* [Task to complete] The answer is the line containing "GLP-1受容体動作薬の効果" plus every line after it to the end of the material, retyped exactly and without the pictures.

* [Data below]
■ ■ ■ ■
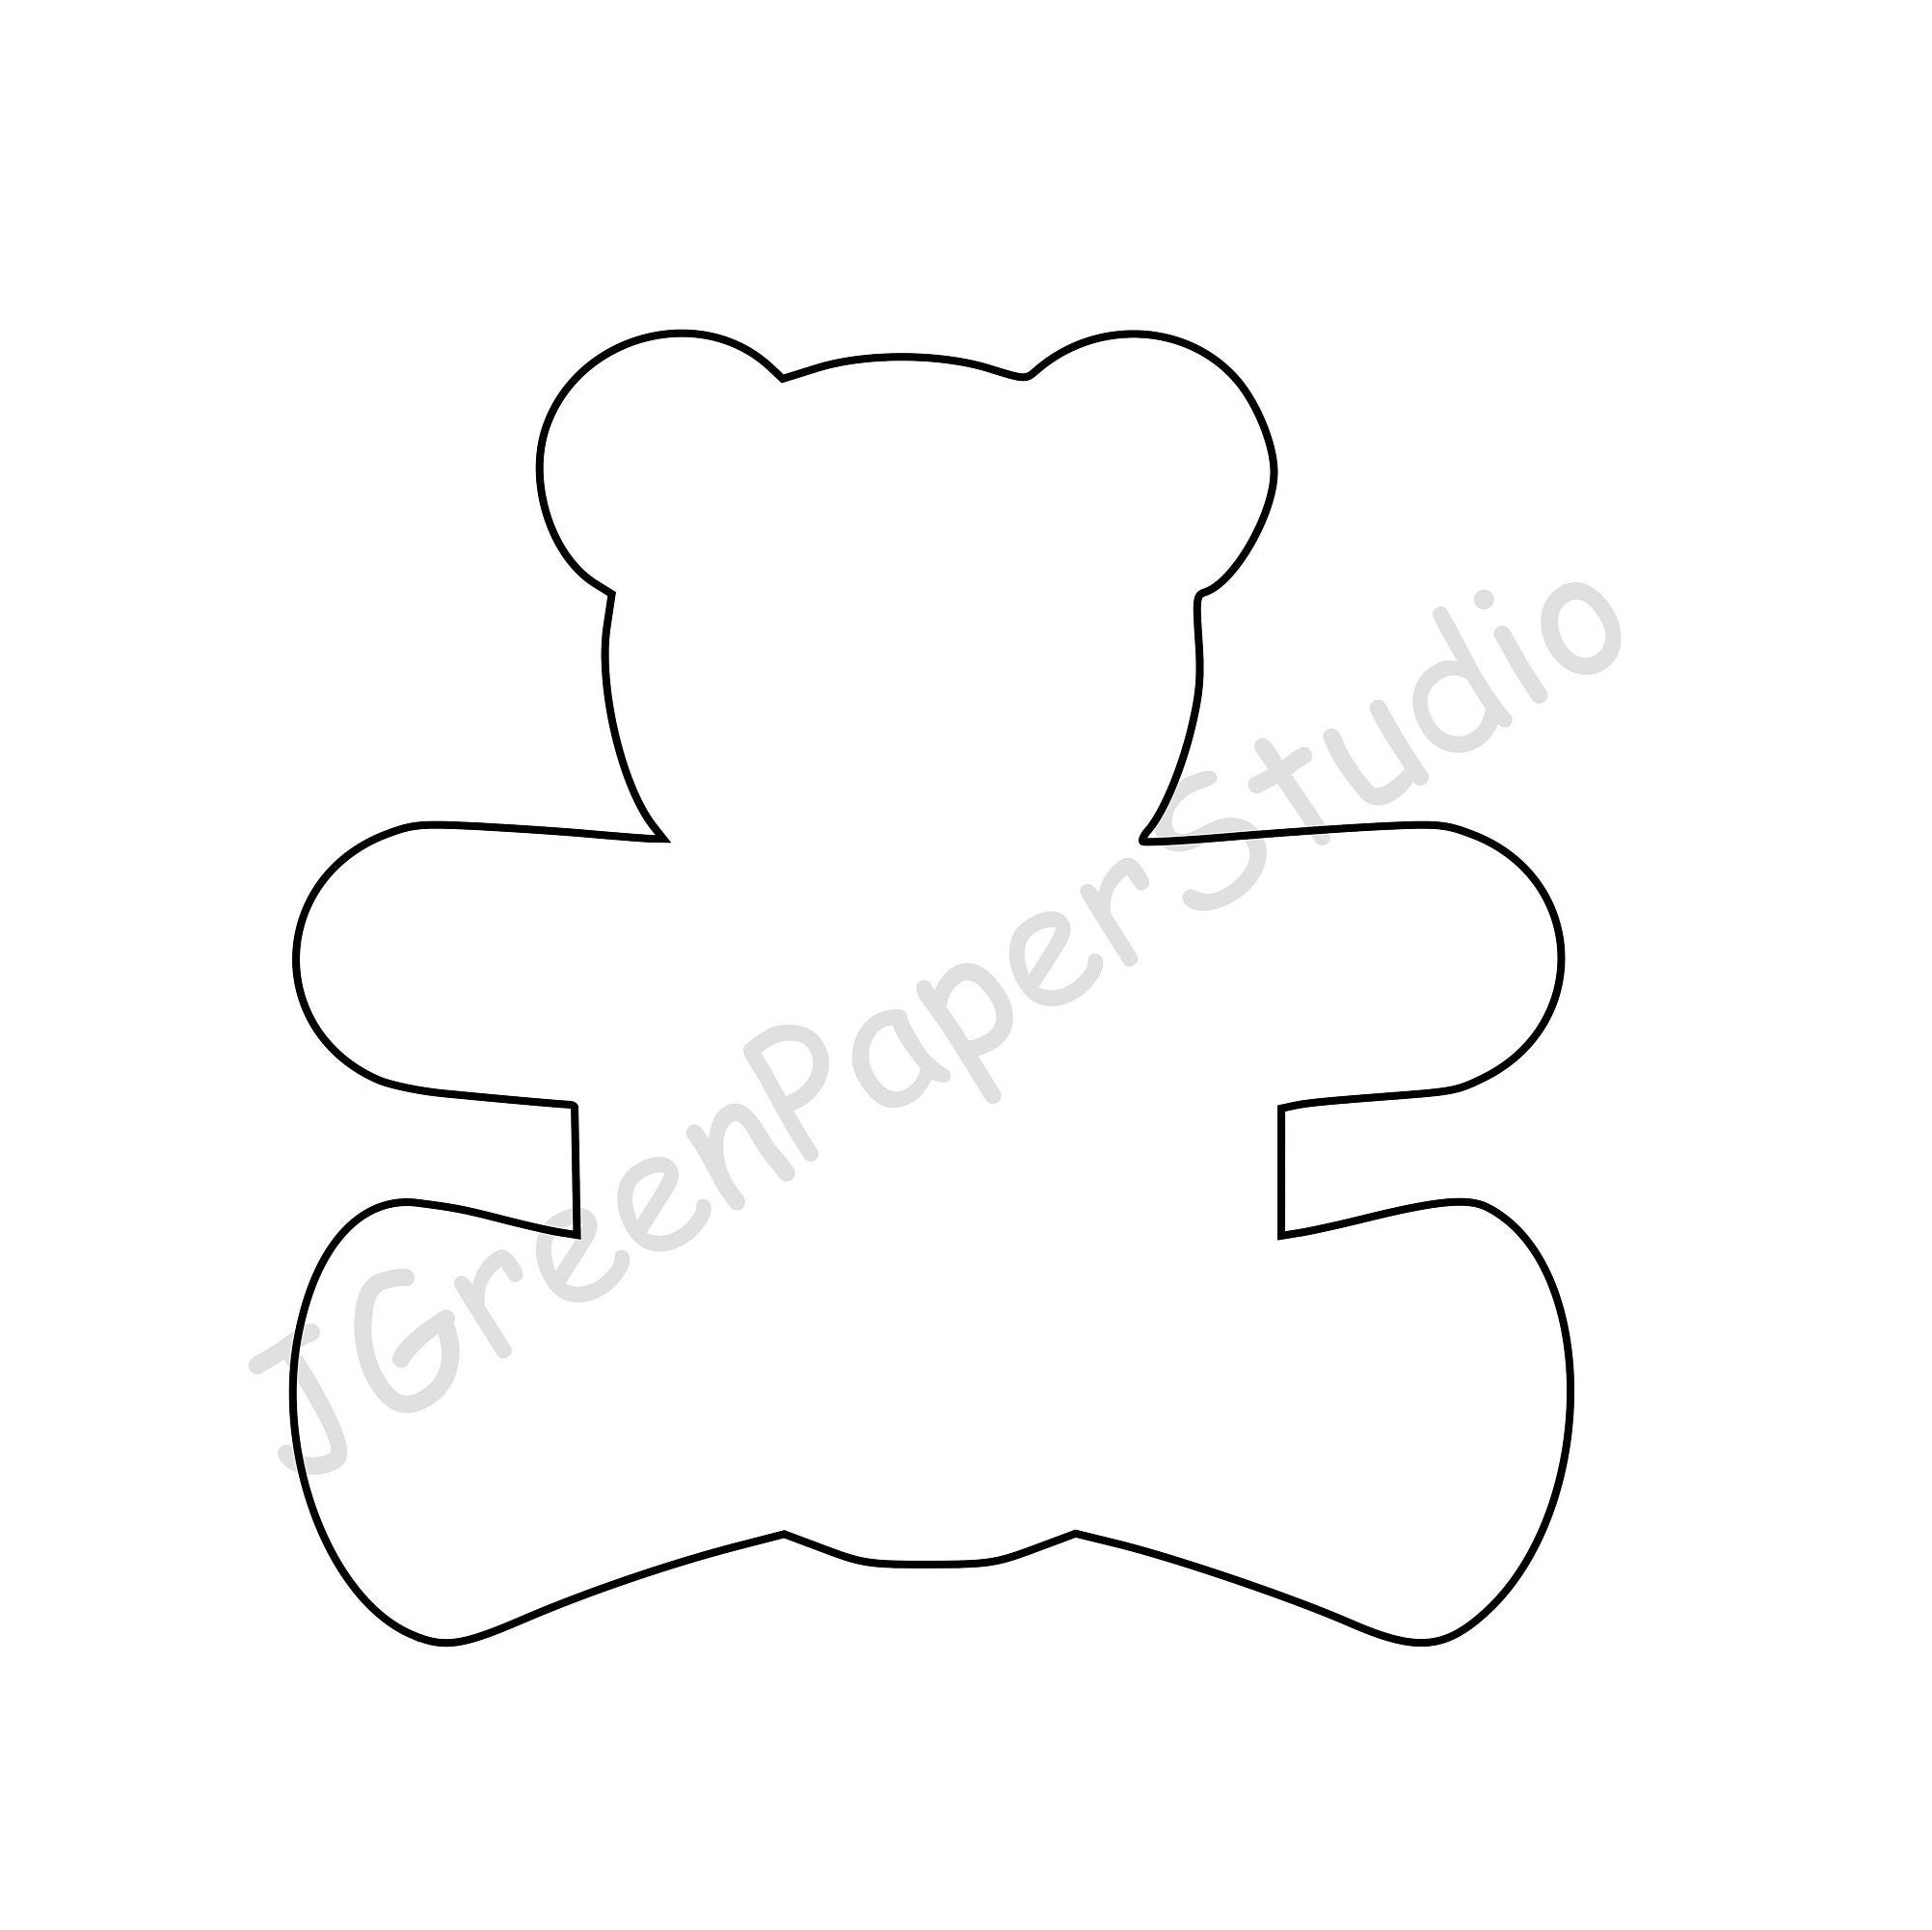 printable-teddy-bear-template-pdf-digital-download-teddy-kids-etsy-norway
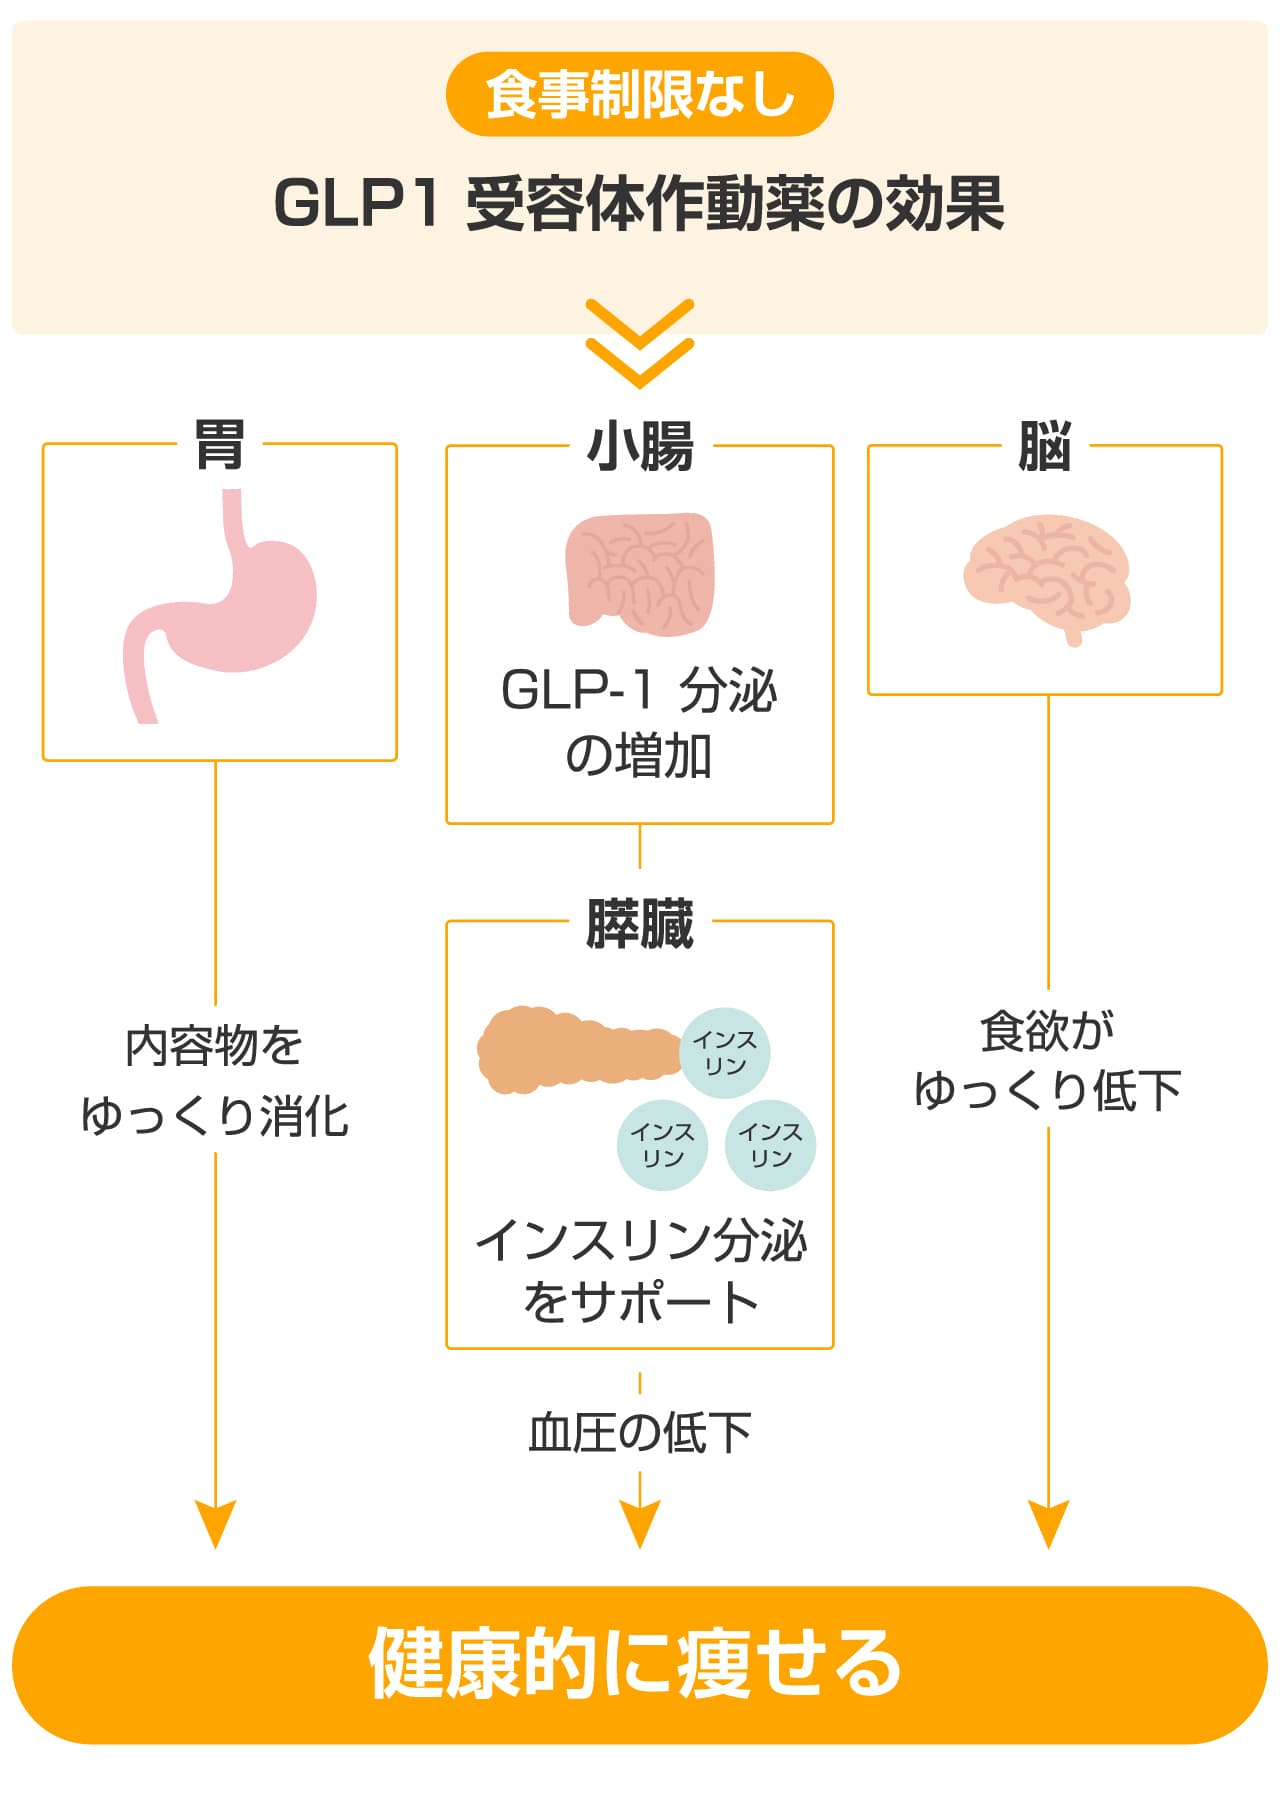 GLP-1受容体動作薬の効果
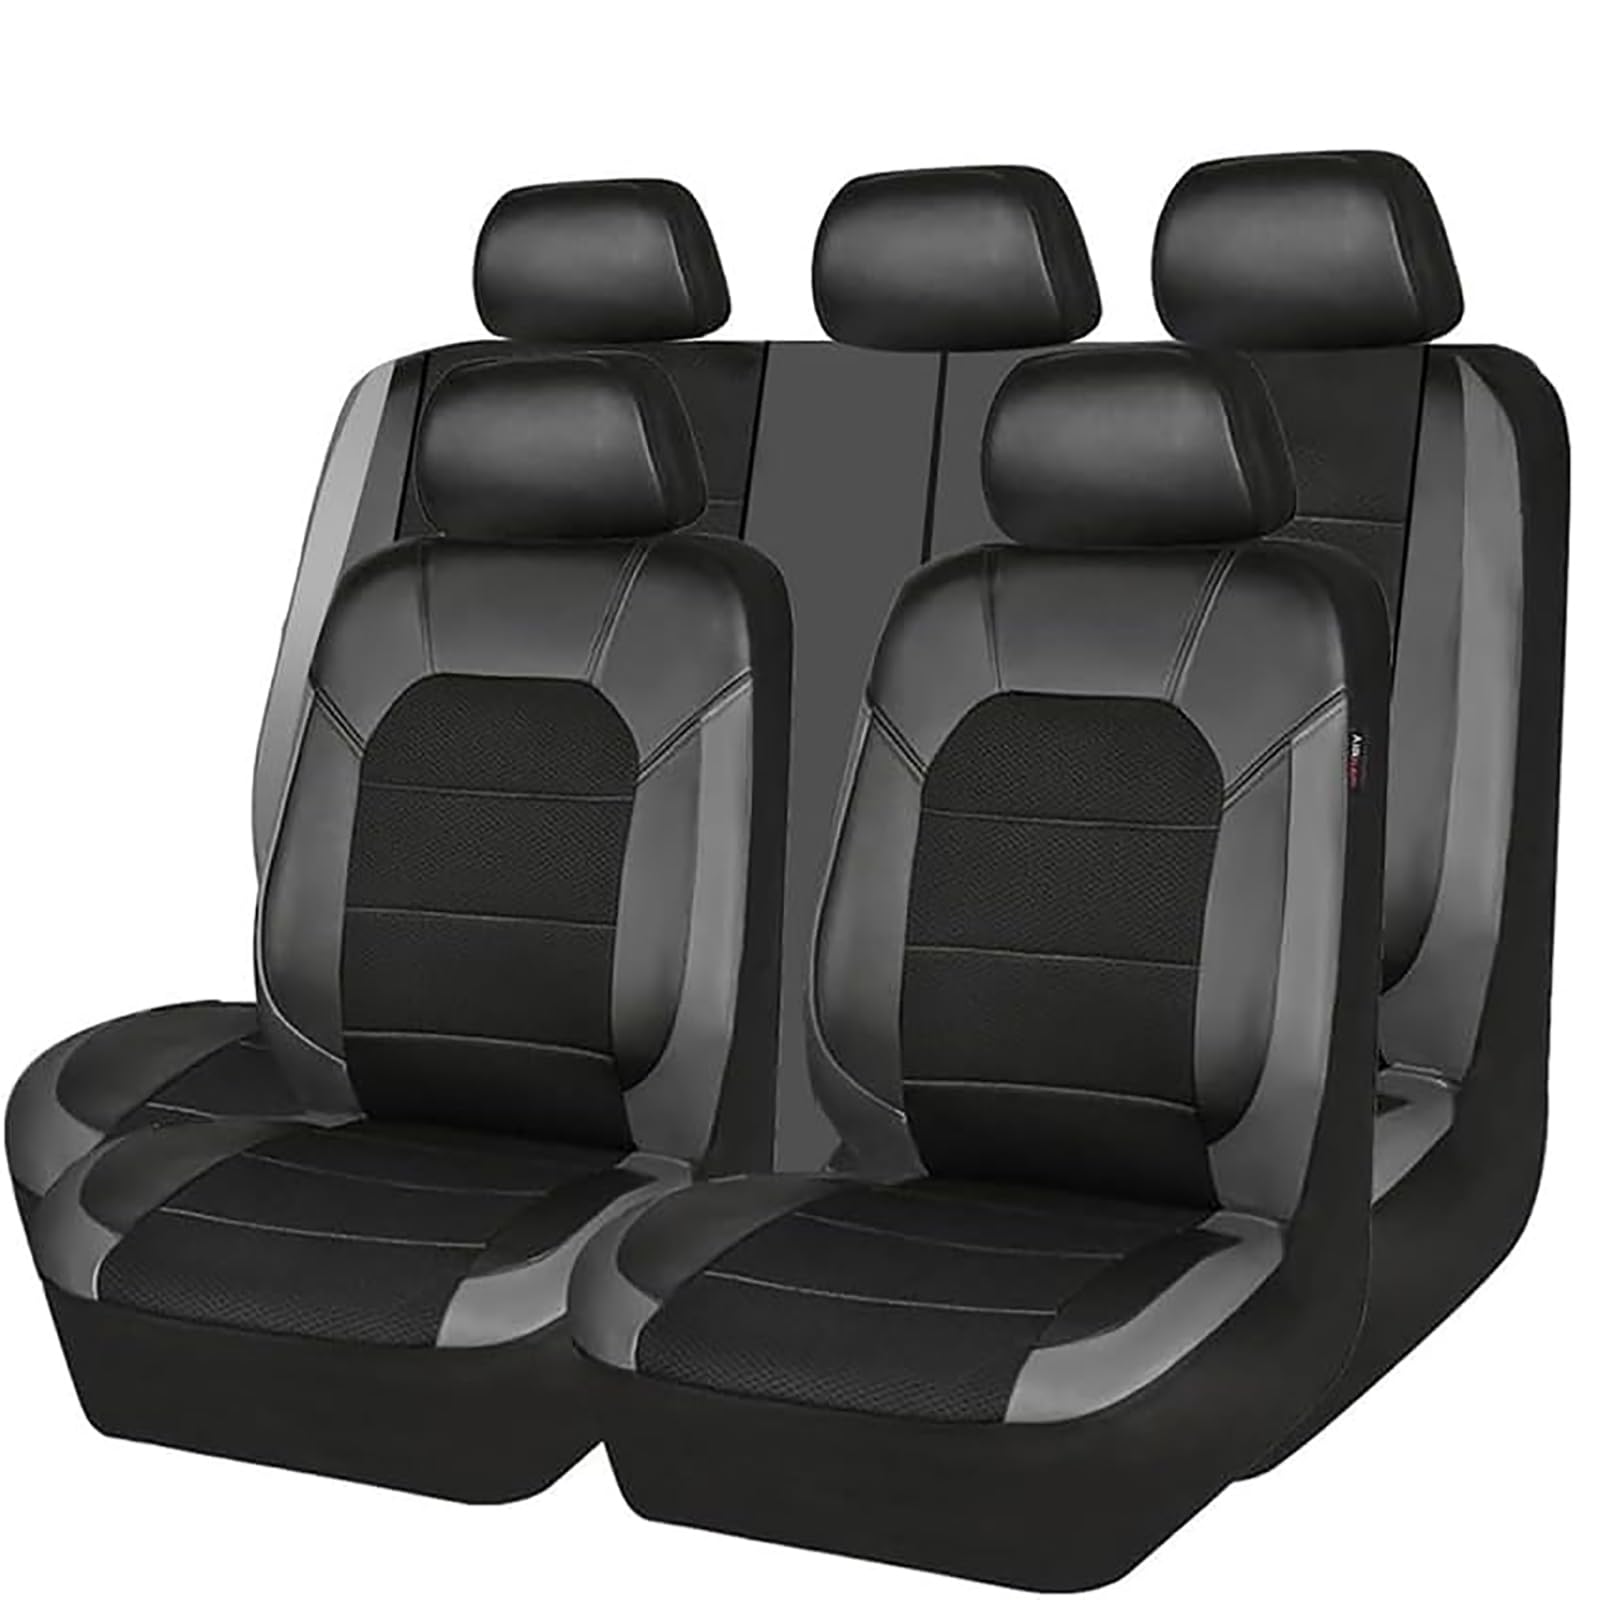 EYHQKRTR Auto Leder Sitzkissen Für Mercedes GLA SUV 2020-2023, 5 Sitzer Full Set SitzbezüGe Schonbezug Vorne Rückbank Sitzschutz Compatible Airbag Innenraum Zubehör,B/Grey von EYHQKRTR
■ ■ ■ ■
* [Output below]
 GLP-1受容体動作薬の効果
 EYHQKRTR Auto Leder Sitzkissen Für Mercedes GLA SUV 2020-2023, 5 Sitzer Full Set SitzbezüGe Schonbezug Vorne Rückbank Sitzschutz Compatible Airbag Innenraum Zubehör,B/Grey von EYHQKRTR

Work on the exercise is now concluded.